Studio album by Vaya Con Dios
- Released: September 1992
- Recorded: Jet Studios (Brussels)
- Genre: Soft rock, jazz-rock, blues
- Length: 42:50
- Label: Ariola Records
- Producer: Dani Klein

Vaya Con Dios chronology
| Night Owls (1990) | Time Flies (1992) | Roots and Wings (1995) |

= Time Flies (Vaya Con Dios album) =

Time Flies is the third studio album by Vaya Con Dios, who were at this point mostly a one-woman band. Even more than the previous albums, this is a melancholic album and is more blues and soul oriented. The reason for the theme is because Vaya Con Dios was mainly the partnership of Dani Klein and Dirk Schoufs and in 1991 the pair fell out badly.
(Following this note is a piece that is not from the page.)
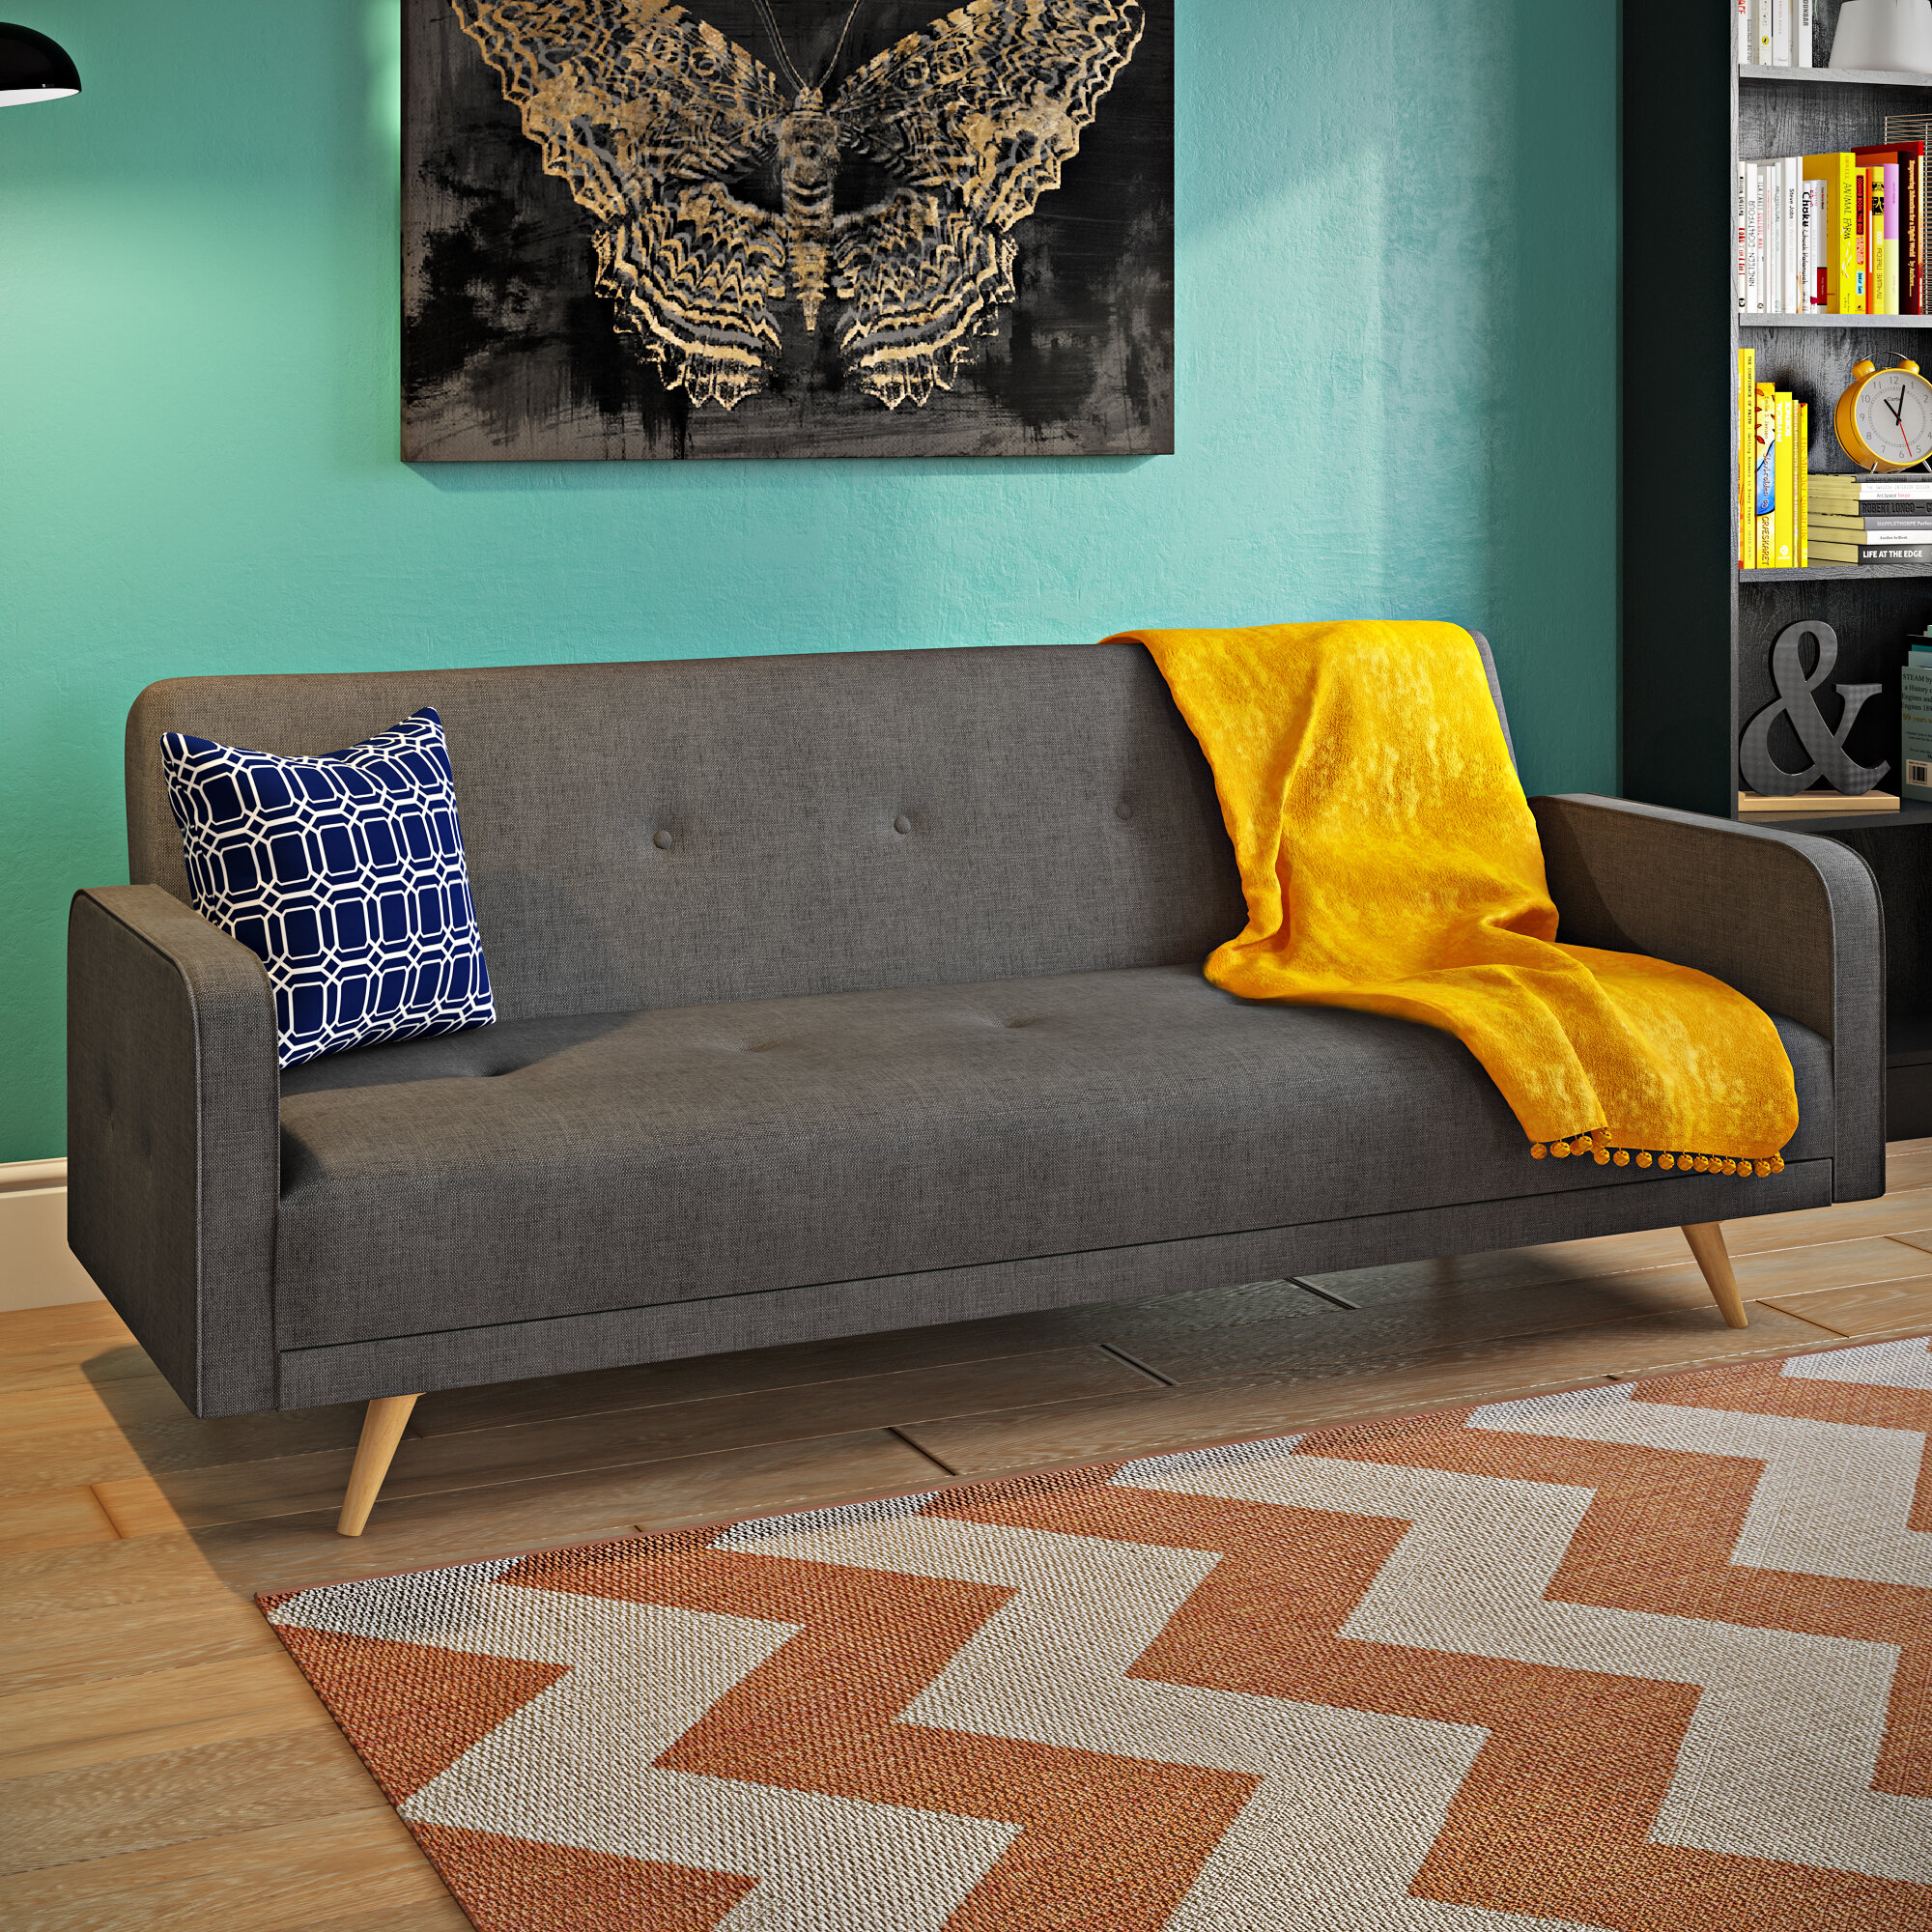 Mercury Row Patro 3 Seater Clic Clac Sofa Bed & Reviews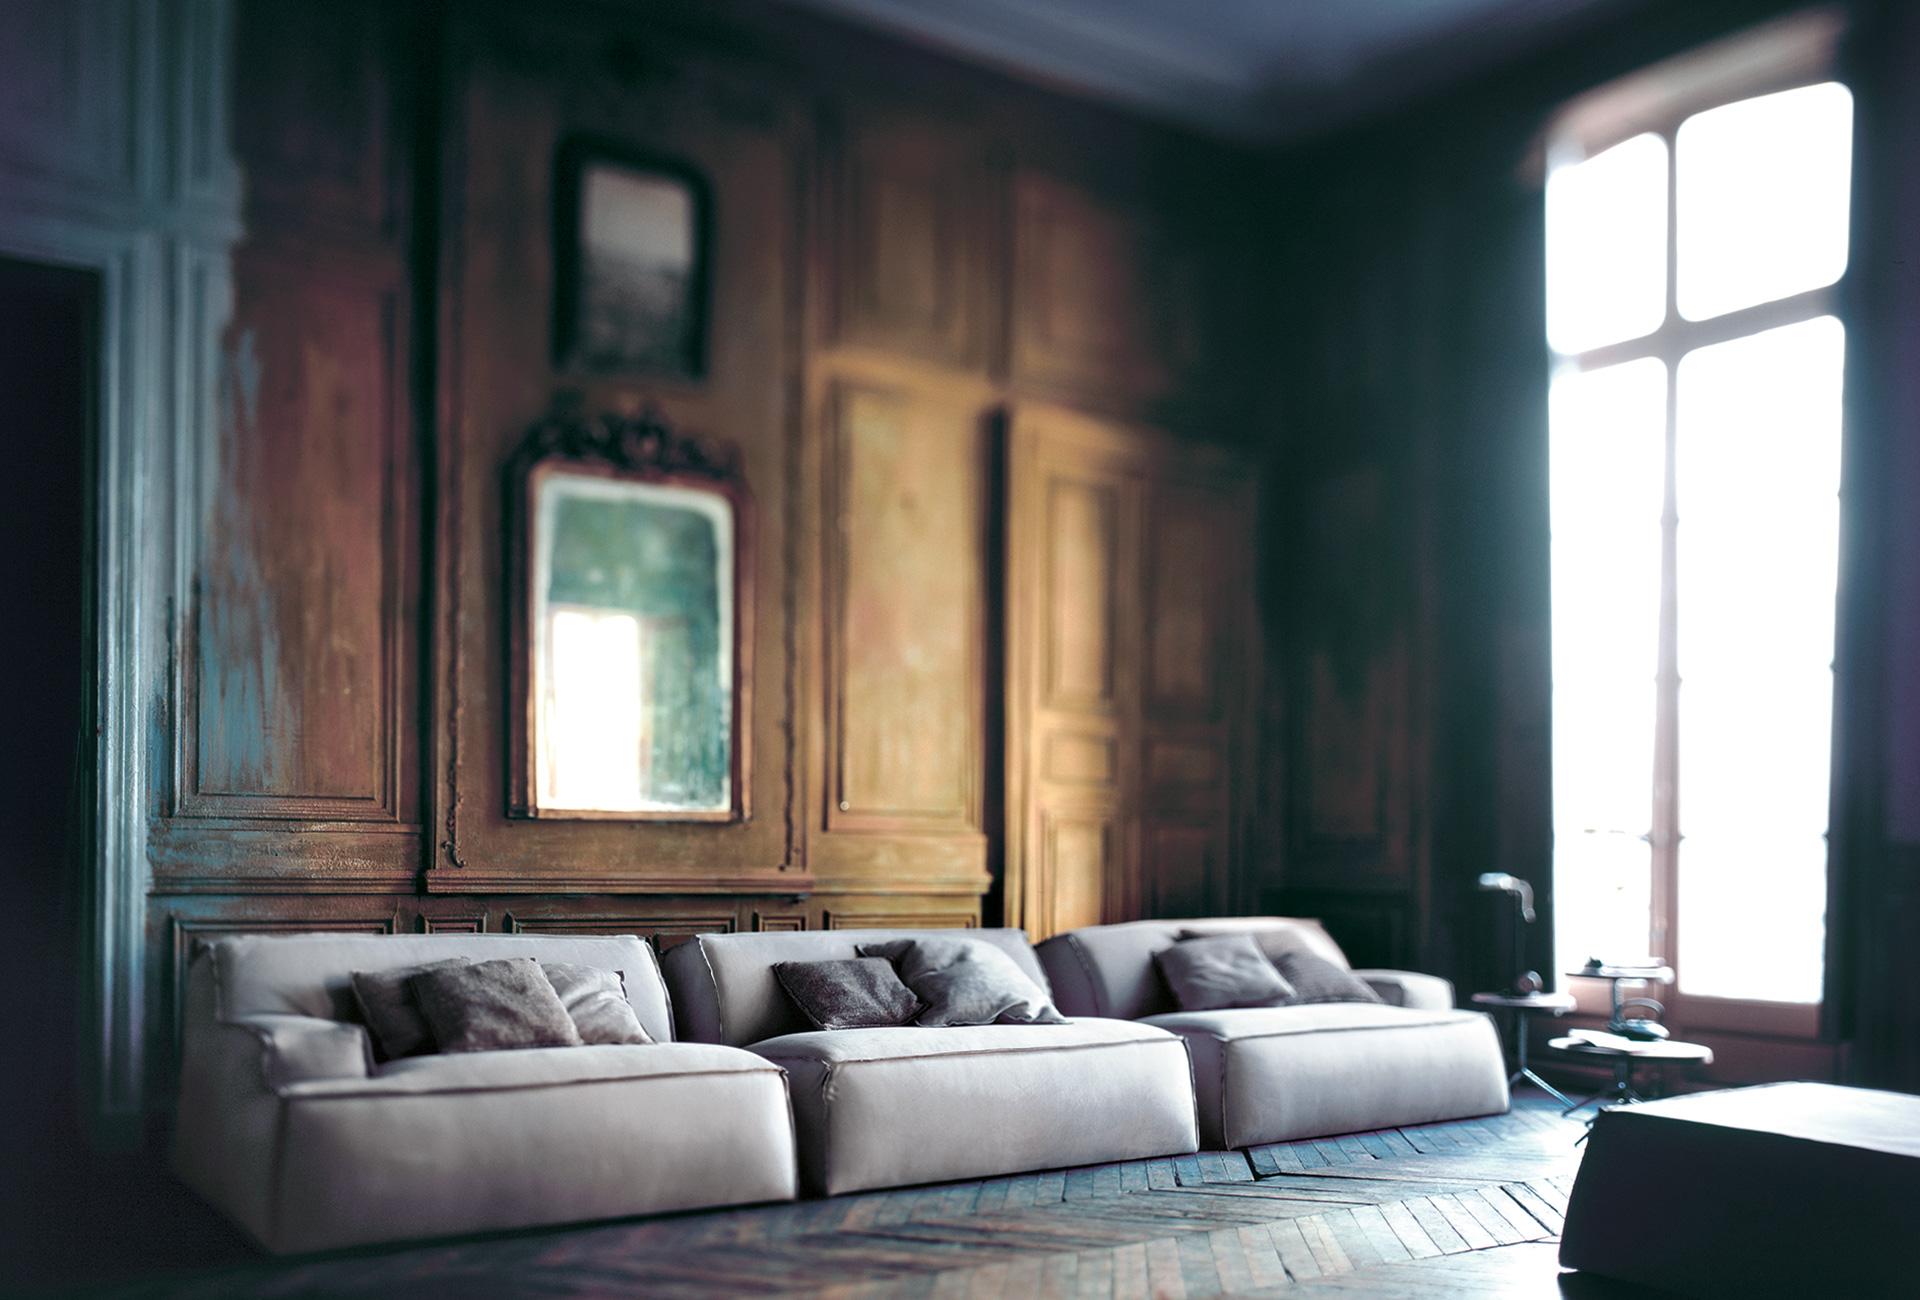 Full Size of Baxter Sofa Jonathan Adler Chester Moon Furniture List Paola Navone Ez Living Budapest Viktor Cena Casablanca Damasco Leather Stilecht Leinen Polster Xora Sofa Baxter Sofa

On 24 May 1991 Schoufs, who was only 29, died of a cocktail of medication, drugs and alcohol.

The album did very well in Europe, reaching number one in Switzerland and getting platinum certification in four countries, eventually proving to be the most successful Vaya Con Dios album.

Time Flies was the first album by Vaya Con Dios which did not end with a song in French.

Professional ratings
Review scores
| Source | Rating |
| AllMusic | Star |
| Select | Star |

==Track listing==

| No. | Title | Length |
|---|---|---|
| 1. | "Time Flies" | 3:39 |
| 2. | "Forever Blue" | 3:58 |
| 3. | "Farewell Song" | 3:09 |
| 4. | "So Long Ago" | 2:55 |
| 5. | "Still a Man" | 3:36 |
| 6. | "Heading for a Fall" | 3:42 |
| 7. | "Mothers and Daughters" | 2:31 |
| 8. | "Listen" | 3:19 |
| 9. | "Bold and Untrue" | 3:08 |
| 10. | "Muddy Waters" | 3:17 |
| 11. | "For You" | 3:10 |
| 12. | "Brave Jane" | 3:16 |
| 13. | "At the Parallel" | 2:57 |

==Charts==

===Weekly charts===

| Chart (1992–1993) | Peak position |
|---|---|
| Austrian Albums (Ö3 Austria) | 4 |
| Dutch Albums (Album Top 100) | 1 |
| German Albums (Offizielle Top 100) | 9 |
| Hungarian Albums (MAHASZ) | 12 |
| Norwegian Albums (VG-lista) | 11 |
| Swedish Albums (Sverigetopplistan) | 13 |
| Swiss Albums (Schweizer Hitparade) | 1 |

===Year-end charts===

| Chart (1992) | Position |
|---|---|
| Dutch Albums (Album Top 100) | 24 |
| German Albums (Offizielle Top 100) | 93 |
| Swiss Albums (Schweizer Hitparade) | 34 |

| Chart (1993) | Position |
|---|---|
| Dutch Albums (Album Top 100) | 22 |
| German Albums (Offizielle Top 100) | 47 |
| Swiss Albums (Schweizer Hitparade) | 12 |

==Certifications and sales==

| Region | Certification | Certified units/sales |
| Austria (IFPI Austria) | Gold | 25,000^{*} |
| France | — | 50,000 |
| Germany (BVMI) | Platinum | 500,000^{^} |
| Netherlands (NVPI) | Platinum | 100,000^{^} |
| Norway (IFPI Norway) | Platinum | 50,000^{*} |
| Sweden (GLF) | Gold | 50,000^{^} |
| Switzerland (IFPI Switzerland) | 3× Platinum | 150,000^{^} |
Summaries
| Europe | — | 1,000,000 |
^{*} Sales figures based on certification alone. ^{^} Shipments figures based on certification alone.